Referring to FIG. 1, the high-bandwidth memory may include a buffer die 20 including a lower control circuit and a plurality of semiconductor chips 190, 290, 390 and 490 sequentially stacked on the buffer die 20. An adhesive material 60 may be interposed between the buffer die 20 and the semiconductor chip 190, and between the semiconductor chips 190, 290, 390 and 490. In some example embodiments, the adhesive material 60 may cover sidewalls of the buffer die 20 and the semiconductor chips 190, 290, 390 and 490. A sealing member 600 may be formed on a stacked structure including the buffer die 20 and the semiconductor chips 190, 290, 390 and 490. In some example embodiments, the sealing member 600 may be formed on the adhesive material 60. The semiconductor chips 190, 290, 390, and 490 may be memory chips.

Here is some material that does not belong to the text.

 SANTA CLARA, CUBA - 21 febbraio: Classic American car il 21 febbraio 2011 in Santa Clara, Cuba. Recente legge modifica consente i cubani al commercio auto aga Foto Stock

For example, the semiconductor chips 190, 290, 390, and 490 may be DRAM chips. Sequentially stacked semiconductor chips on the buffer die 20 are referred to as first to fourth semiconductor chips in order.

Through silicon vias (TSVs) 130 may be included in the buffer die 20 and the semiconductor chips 190, 290, 390 and 490. Through silicon vias (TSVs) 130 may pass through the buffer die 20 and the semiconductor chips 190, 290, 390 and 490, respectively. The through silicon vias 130 may be bonded to each other using bump pads 50, 52, 120, 140 and 142 and solder bumps 160 and 162. Therefore, the plurality of semiconductor chips 190, 290, 390 and 490 may be bonded to each other, and may be stacked in the vertical direction.

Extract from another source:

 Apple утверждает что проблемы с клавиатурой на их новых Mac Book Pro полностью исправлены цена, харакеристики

The bump pads 50, 52, 120, 140 and 142 may include a lower bump pad 120, first bump pads 50 and 140 and second bump pads 52 and 142, according to positions thereof.

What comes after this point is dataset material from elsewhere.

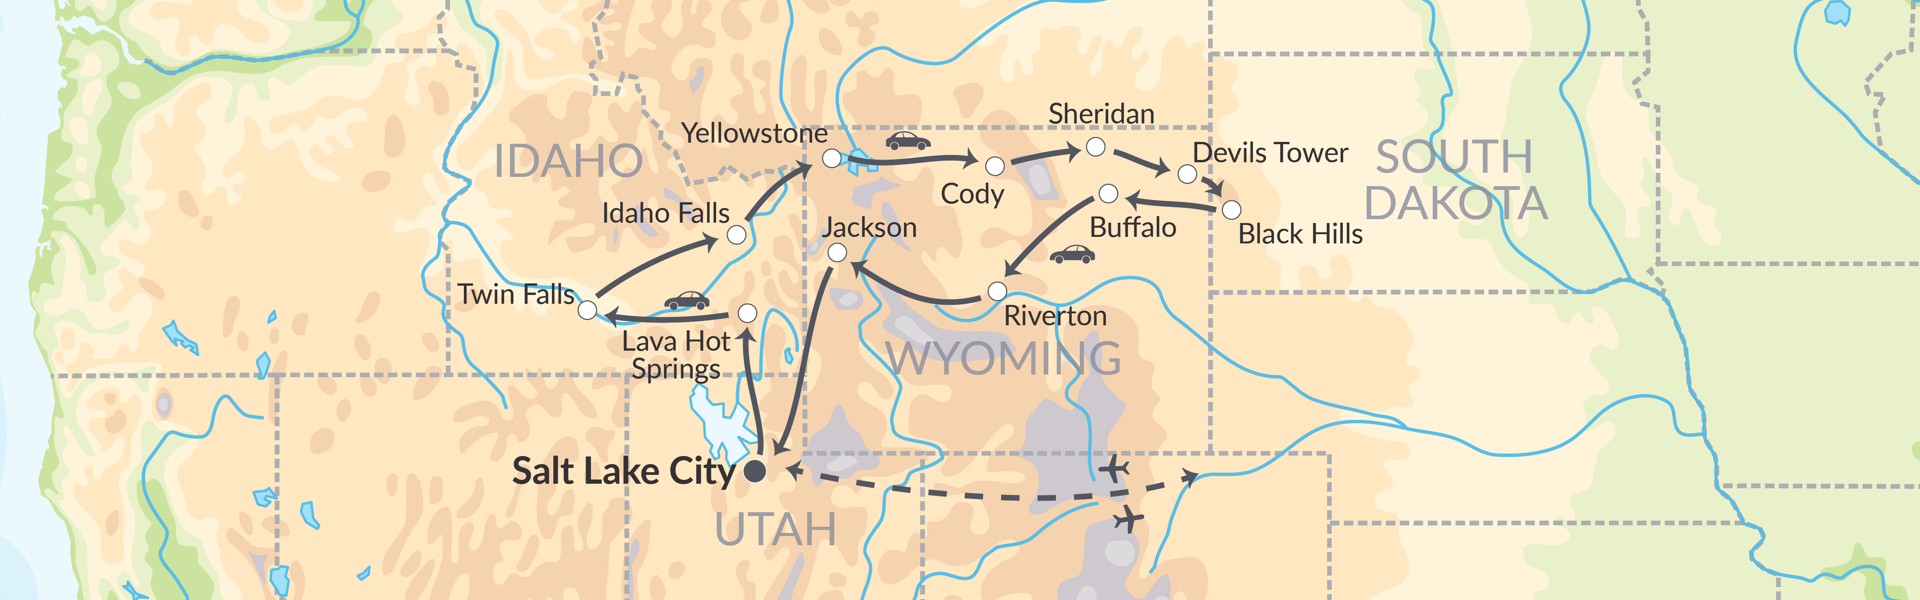 81363 Kom Tæt På 4 Præsidenter, Yellowstone & Buffalo Bill

A plurality of lower bump pads 120 may be disposed on a first surface of substrate 100 included in each of the semiconductor chips 190, 290, 390 and 490. The first and second bump pads 50, 52, 140 and 142 may be disposed on a second surface opposite to the first surface of the substrate 10 or 100 included in each of the semiconductor chips 190, 290, 390 and 490 and buffer die 20. The first bump pads 50 and 140 may serve as a signal transmission pad, and the second bump pads 52 and 142 may serve as the signal transmission pad and a thermal path pad for reducing thermal resistance. Each of the second bump pads 52 and 142 may have an upper surface area greater than an upper surface area of each of the first bump pads 50 and 140.

The solder bumps may include first solder bumps 160 and second solder bumps 162. The first solder bump 160 may be interposed between the first bump pads 50 and 140, and the lower bump pad 120 of an upper semiconductor chip (e.g., a semiconductor chip stacked on the first bump pad). The second solder bumps 162 may be interposed between the second bump pads 52 and 142, and the lower bump pads 120 of the upper semiconductor chip. At least two second solder bumps 162 may be disposed on each of the second bump pads 52 and 142. The second solder bumps 162 on each of the second bump pads 52 and 142 may be spaced apart from each other.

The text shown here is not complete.